Ulcerative colitis (UC) is a chronic and relapsing inflammatory disease characterized by dysregulation of the immune function response and imbalanced release of cytokines and unresolved inflammatory progress associated with intestinal mucosa [1,2]. The inflammation reaction may be initiated by pro-inflammatory cytokines [3]. Patients with bowel disease have increased interleukin (IL)-6 in the intestinal mucosa and tumor necrosis factor-alpha (TNF-α) in the blood and colon tissue. Immune cells, such as T cells, intestinal epithelial cells, and macrophages, secrete various cytokines including TNF-α, IL-1 family, IL-6, IL-8, and interferon-gamma (IFN-γ), which regulate the inflammatory response in UC. Elevated levels of cytokines have also been implicated in the pathogenesis of bowel disease [4,5].
Dextran sulfate sodium (DSS)-induced colitis is considered as a suitable model that represents the disease both morphologically and biochemically. Intake of DSS induces bloody stools, ulcerations, epithelial injury, and infiltration of inflammatory cells [6]. Histologically, DSS causes crypt abscesses and epithelioglandular hyperplasia in mice. These colon conditions are similar to acute and chronic UC in humans. DSS is toxic to gut epithelial cells of the basal crypts and affects the integrity of the mucosal barrier [7]. Thus, the DSS-induced colitis model is especially suitable to study the mechanism of inflammatory colitis.
Cyclooxygenase-1 (COX-1) is a constitutive enzyme that catalyzes the production of prostaglandins (PGs), which protect the stomach from damage.
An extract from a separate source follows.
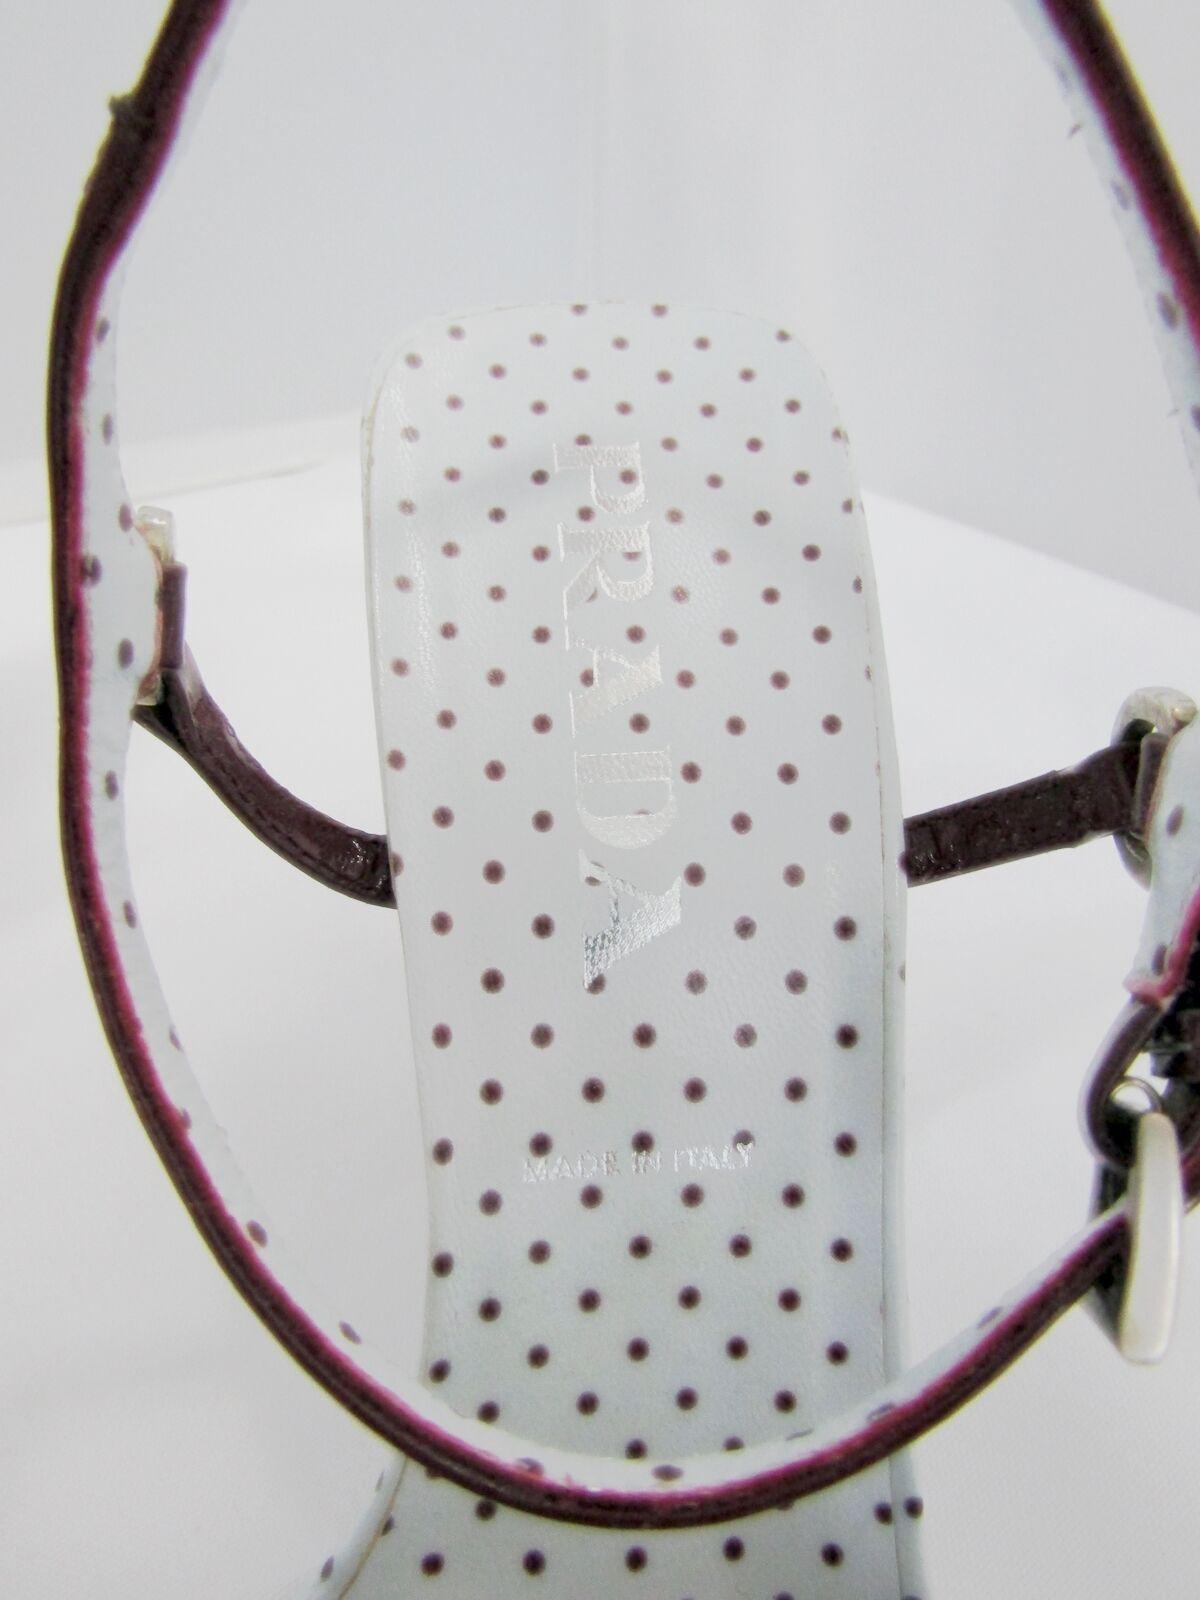 NEW PRADA CUTOUT 38.5 POLKA DOT WEDGES SANDALS WINE Weiß 38.5 CUTOUT 8.5 ASYMMETRIC HEEL fad2c3
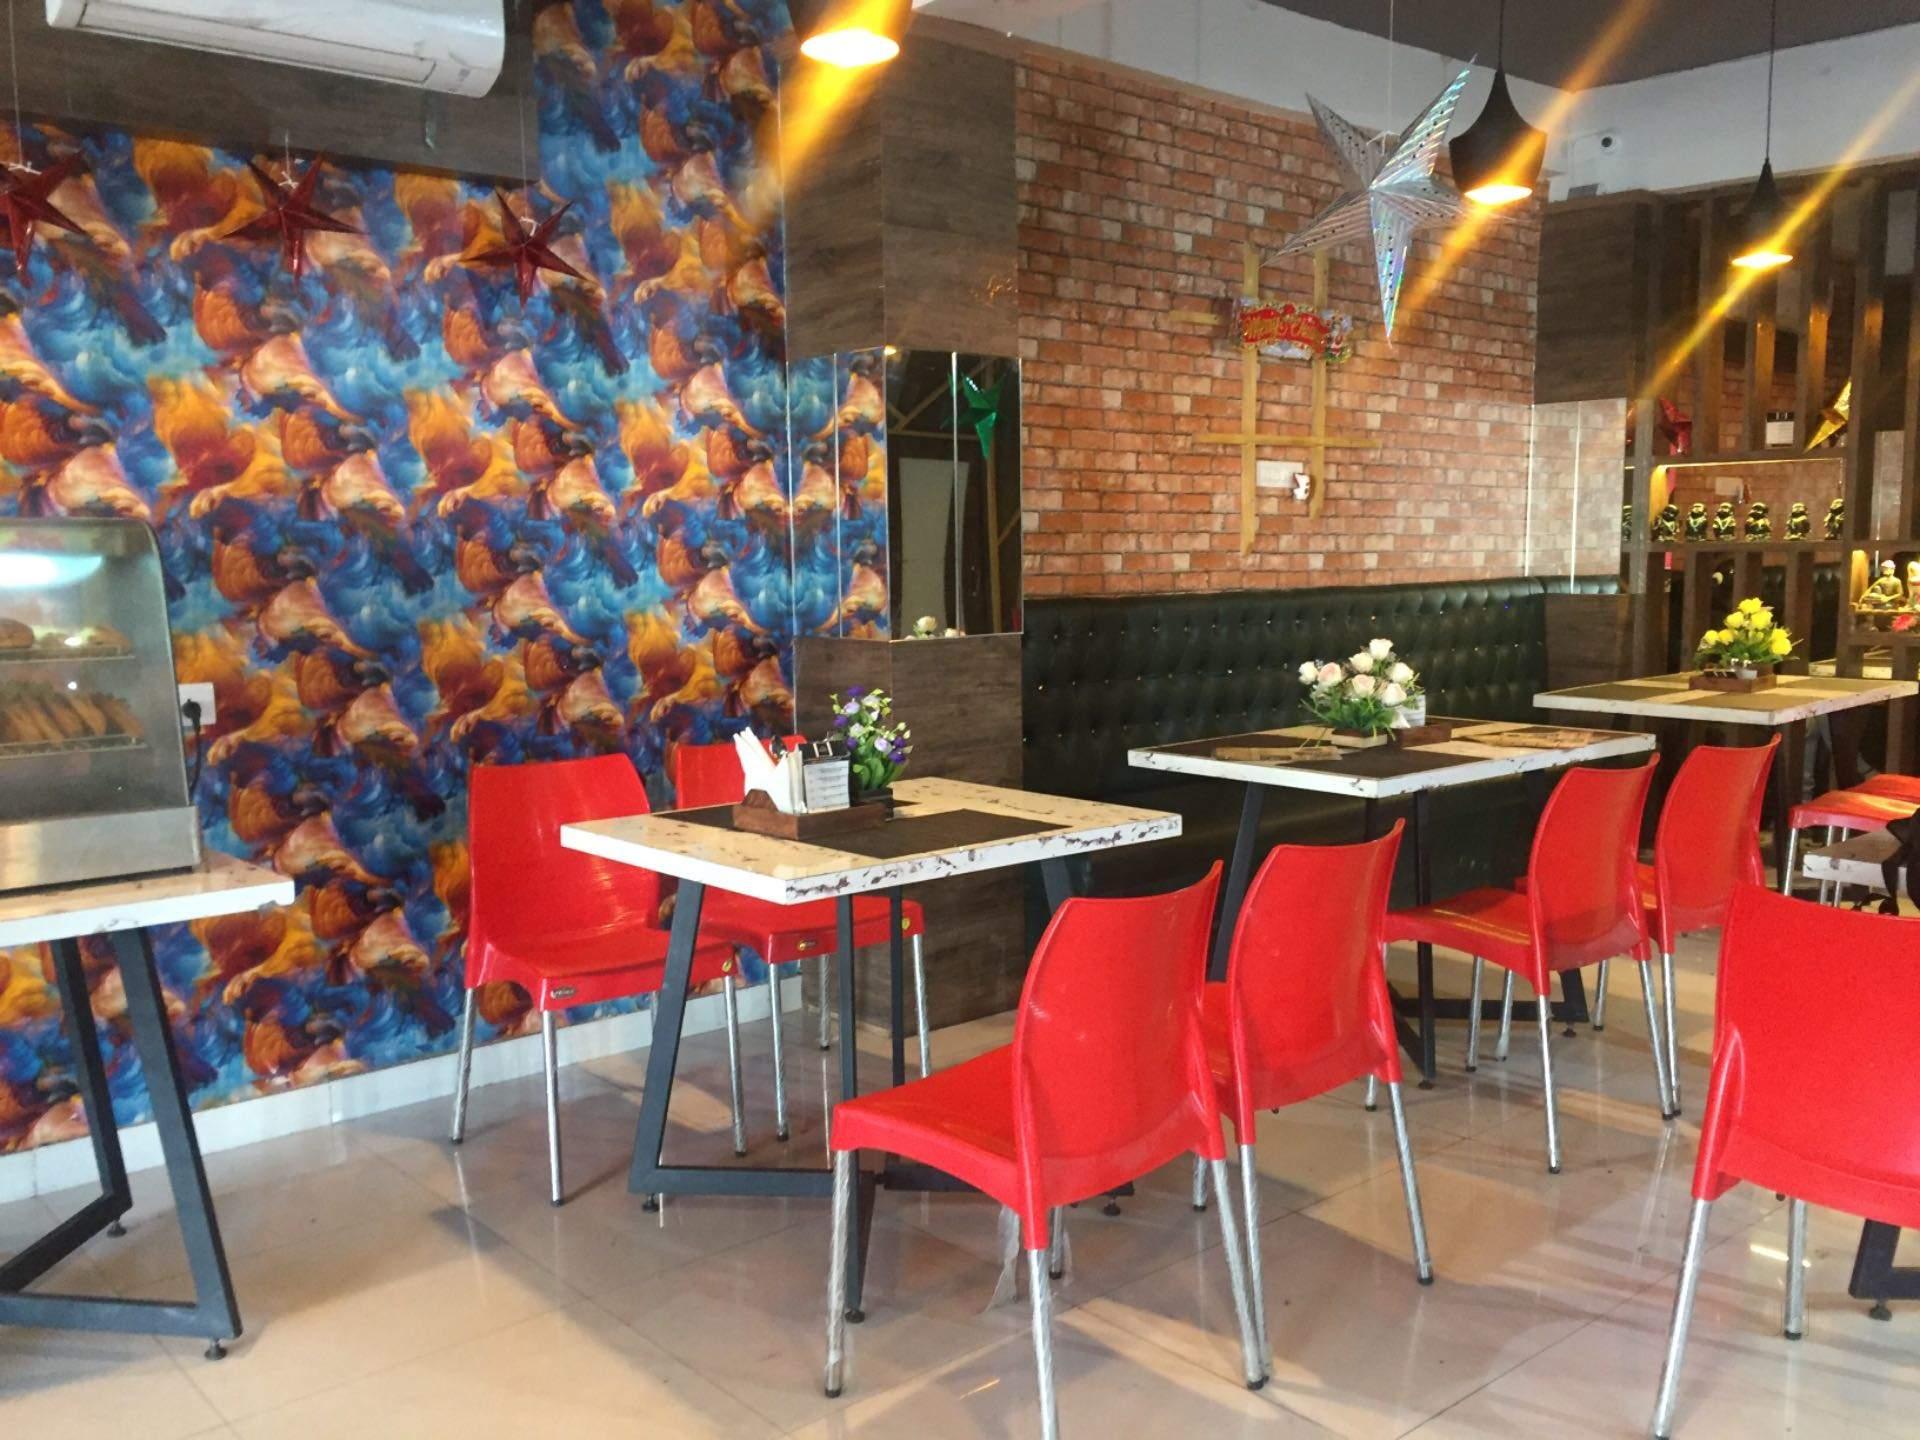 Top Restaurants in Lucknow - Best Restaurants near me - Justdial

COX-2 is induced by inflammatory stimuli, such as cytokines, and also catalyzes PG production that contributes to inflammation-related swelling [8]. COX-2 and PGE2 levels are raised in the inflamed mucosa of patients with UC [9].
Glycyrrhiza uralensis (GU) is a medicinal plant used in Europe and Asia for treating debilitating UC. It has been also used for diseases of the respiratory system and gastrointestinal tract [10]. Glycyrrhizae Radix (GR) has been traditionally used for treatment of cough, allergy, and bowel disease [11]. GR possesses various bioactive constituents that include saponins, flavonoids, and coumarins [12]. However, it is unknown whether the constituents of GR can regulate intestinal inflammation. Glycyrrhetic acid (GA) is a triterpenoid saponin found in GU as a hydrolyzed metabolite of glycyrrhizin [13]. Recent studies have demonstrated that GA has strong antioxidant, anti-inflammation, and anti-cancer effects [14]. GA can reduce the oxidative stress caused by carbon tetrachloride, reduces production of pro-inflammatory cytokines, and repress immune function [15]. These results suggest that GA has inhibitory effects on DSS-induced colitis model.
To explore the potential of GA as a useful therapeutic in UC, we examined its effects on DSS-induced UC in a mouse model. The aims were to evaluate the effect of GA on clinical signs including weight loss, colon shortening, diarrhea, and gross bleeding, and to investigate the role of GA on inflammatory mediators in DSS-treated mice.

2. Results

2.1. Effects of GA on Clinical Signs in DSS-Induced Colitis

When mice were treated with DSS to induce colitis, body weight was reduced and colon length was shortened at day 10 by 19.02 ± 1.51 g and 28.6% respectively, compared to the control group (Figure 1A and Figure 2A,B). Both GA 10 and GA 50 mg/kg alleviated the effects of DSS on body weight loss by 20.86 ± 1.76 g and 22.05 ± 1.25 g, and colon shortening by 13.2% and 12.7%, respectively (Figure 1B). Disease activity index (DAI) scores were increased at day 10 by 4.0 ± 1.00 in DSS-treated group, compared to the control group. GA also attenuated the DSS-mediated increase in DAI scores at day 10 by 2.8 ± 0.45, 2.2 ± 0.84; GA 10, GA 50 mg/kg.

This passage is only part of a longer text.